# Advice please - do i speak to mil & sil about this or leave it?



## NuttyJo (Jun 29, 2007)

i have a slight dilema, was going to post on peer support but didnt think it appropriate. my niece (dh's side of the family) is very behind in her learning for her age, shes only just really started walking and she will be 2yrs old soon. she doesnt say any words, just lots of jabba jabba type words (lol sorry didnt know how to explain it!!) and she cannot even do puzzles. i know all chidren develop at different times etc and i shouldnt compare her to others but im concerned that shes not getting the encouragment she needs to grow. she will just go 'uhh' and hold her hand out and SIL will just get her the things she wants, when im with her i try and encourage her to say what she wants as i think its something she should be doing by now. her diet is another thing, but i wont go into that! also the little girl is practically being bought up as mil's daughter and mil hasnt really given sil a chance to become a mum and learn the things she needs to know to take care of her baby. it must be confusing for my neice when mil & sil fall out so mil then decides shes the nanny and not the mummy   

how can i make sil and mil see what they're doing isnt very helpful for the little girl without seeming like im sticking my nose in? i know i dont have children myself (and i dont want them saying 'what would you know, you dont have children') but i worked in a nursery with those ages and i know a little about this kind of thing. is there any professionals that could maybe guide them in the right direction?    or am i just being too fussy?   

thoughts appreciated

thanks x


----------



## Mrs Chaos (Feb 12, 2004)

Hi Jo
I'm not a professional but have to say I too would be concerned with your neice's development 
One of the main aspects of language development, as you know, is that children need encouragement and input from their parents, this is how they learn, from mimicking and copying etc.
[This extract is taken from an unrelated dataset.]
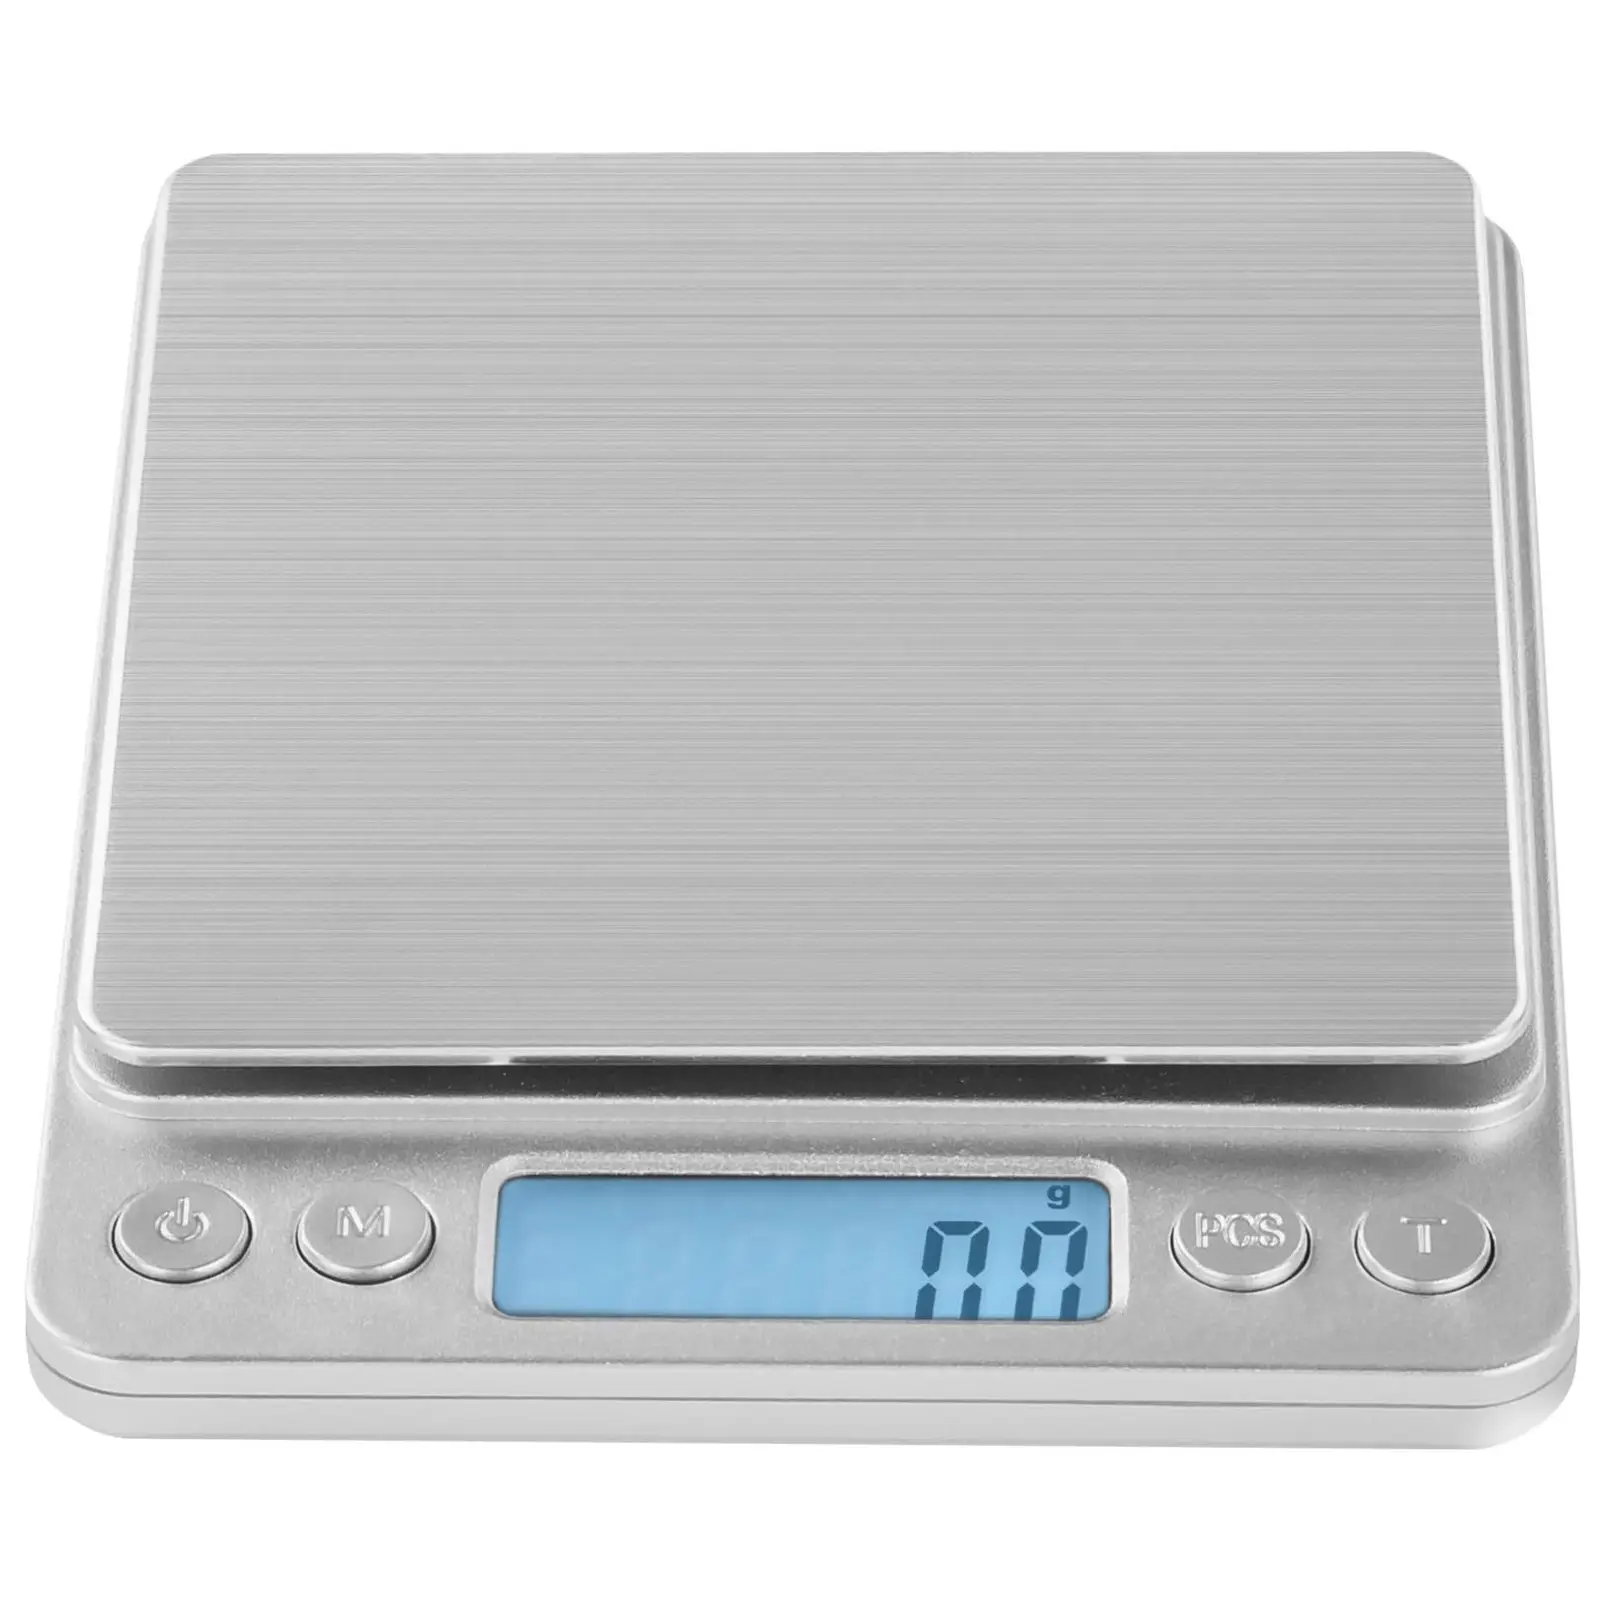 Digitaalinen pöytävaaka - 3 kg / 0,1g

If she isn't being given that opportunity or stimulation her development will be a lot slower.
My youngest brother was very slow to talk and my nan noticed that my 2 brothers and I were "speaking" for him...as in he would point or gesture to a toy, and we would all say "oh do you want this?" or "here you go"...instead of us saying "what do you want, the car" and encouraging him to say the word, or tell us what it was he wanted. My mum took us all to one side and explained that he needed to start to learn words and that we had to help him by making him say the word etc, and it was so upsetting as he would cry out of sheer frustration as he had to wait and learn. He soon got the gist of it and his babble was replaced by words and he soon got chattering.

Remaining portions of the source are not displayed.